> Data extract
______

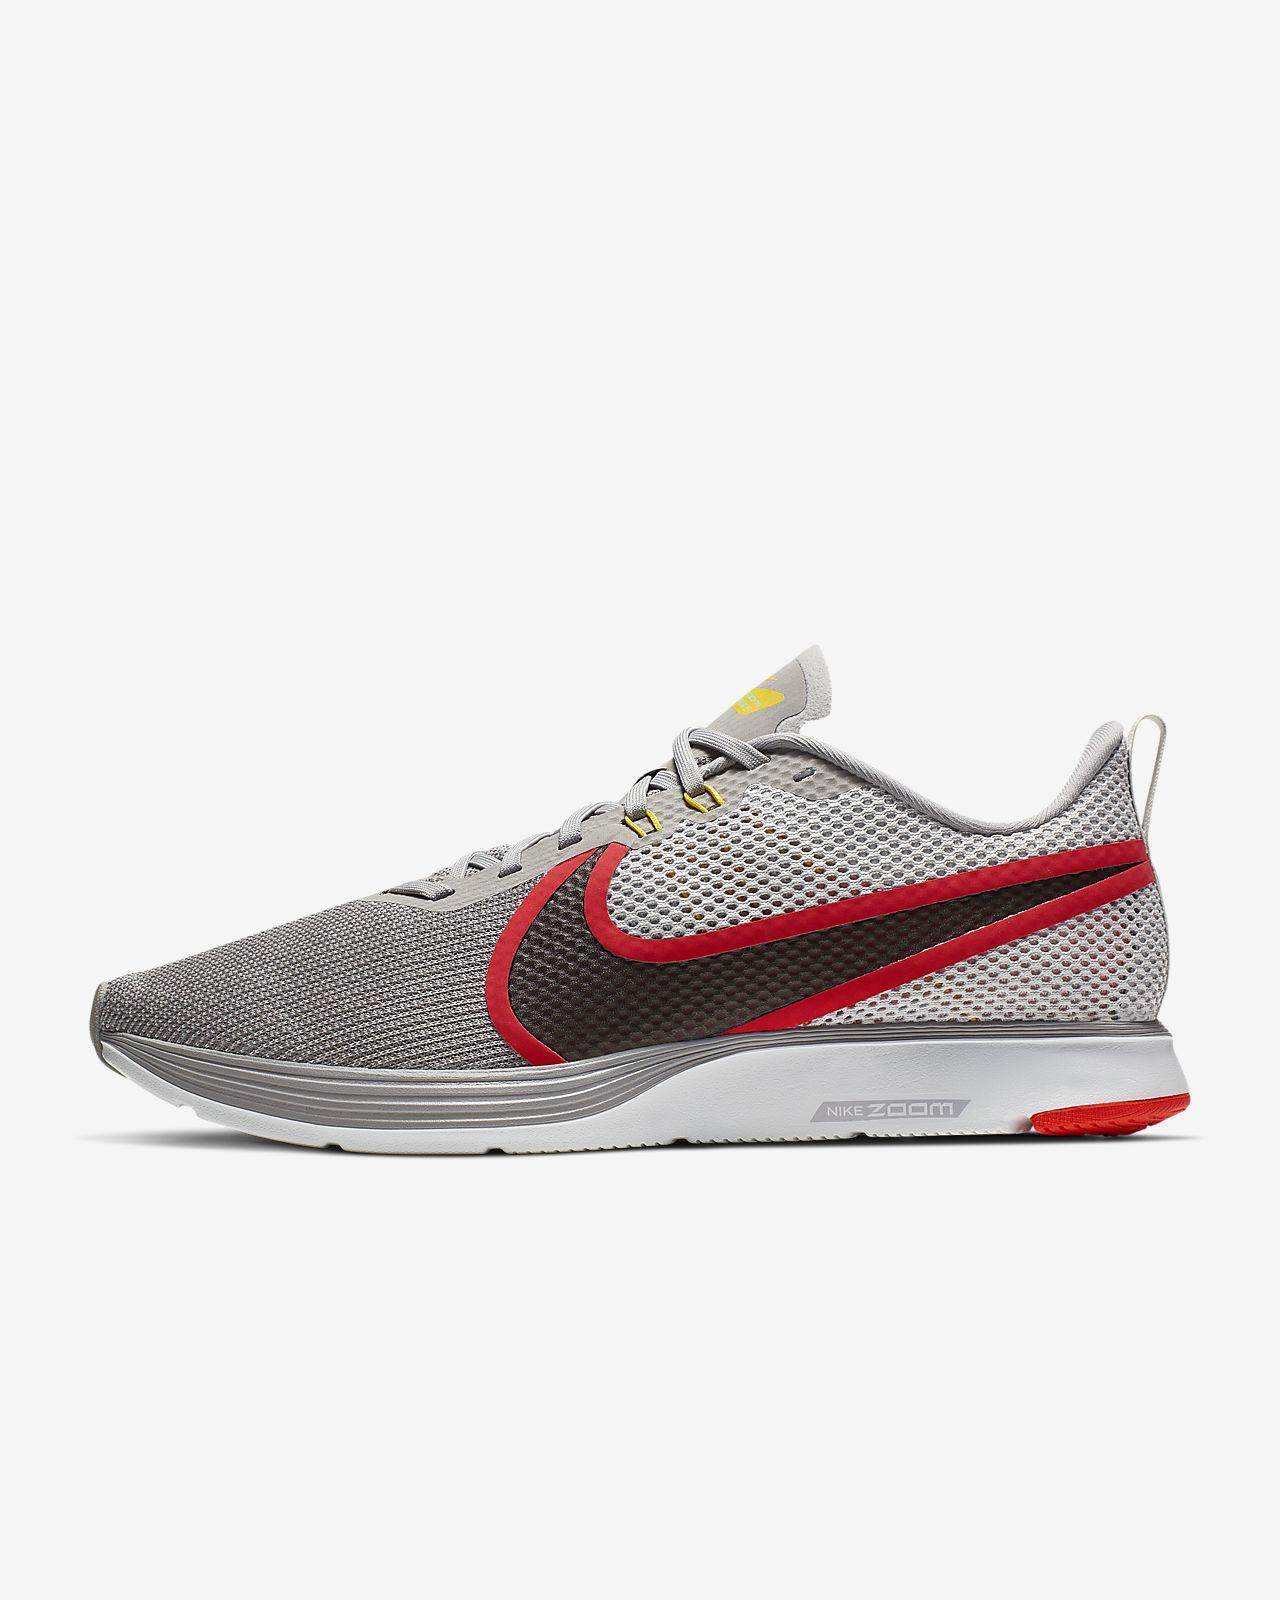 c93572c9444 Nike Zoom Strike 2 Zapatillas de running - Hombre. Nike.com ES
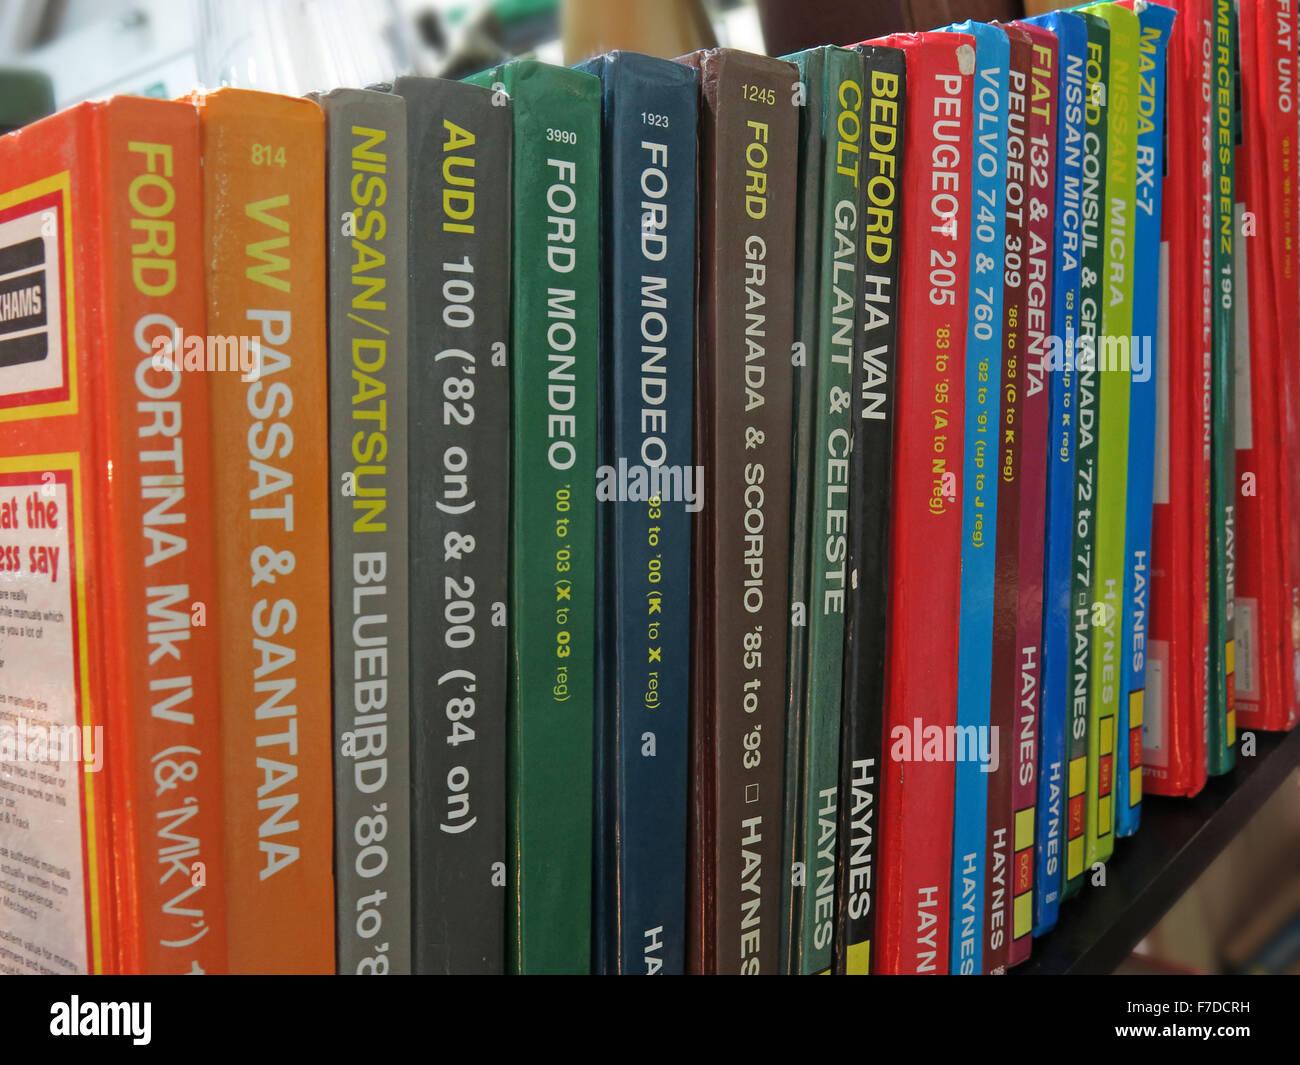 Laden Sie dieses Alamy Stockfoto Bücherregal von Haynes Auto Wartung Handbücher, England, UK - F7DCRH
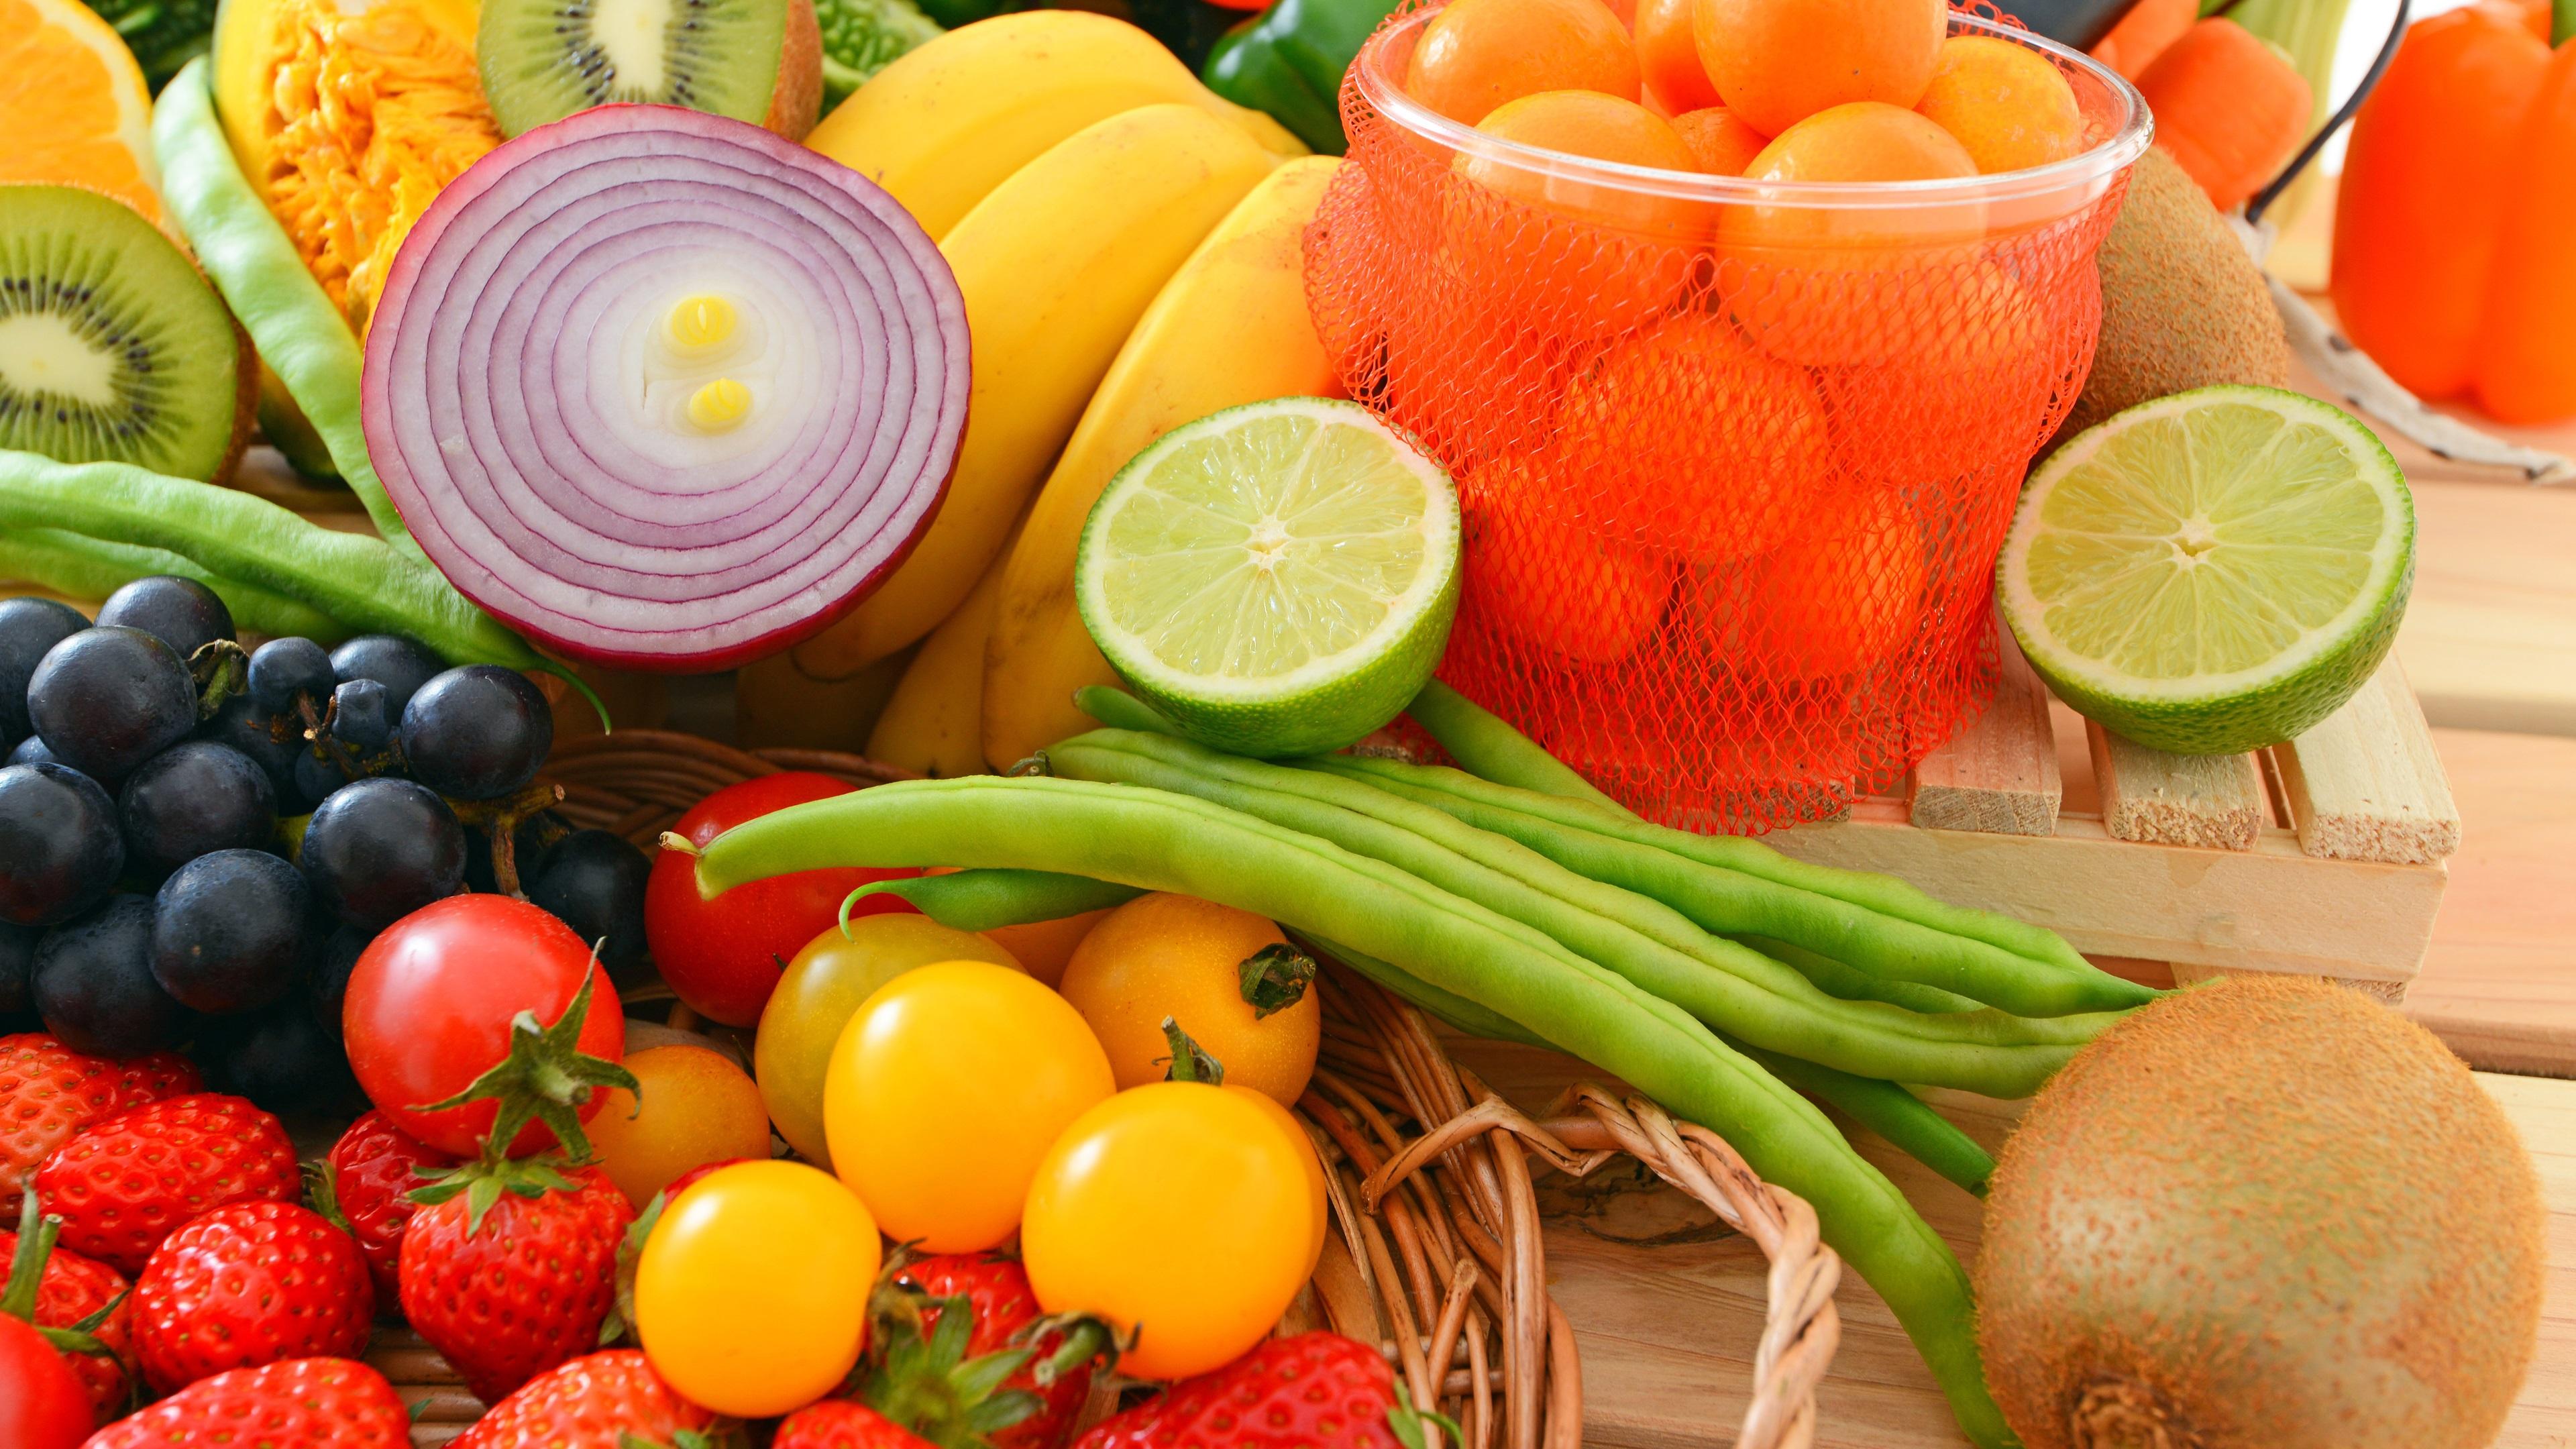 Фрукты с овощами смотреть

______

> Work task
Reproduce nothing but the lines from the line containing "Laden Sie dieses" through the last line of the data above, exactly as written and without pictures.

> The completed task
 Laden Sie dieses Alamy Stockfoto Bücherregal von Haynes Auto Wartung Handbücher, England, UK - F7DCRH
 Фрукты с овощами смотреть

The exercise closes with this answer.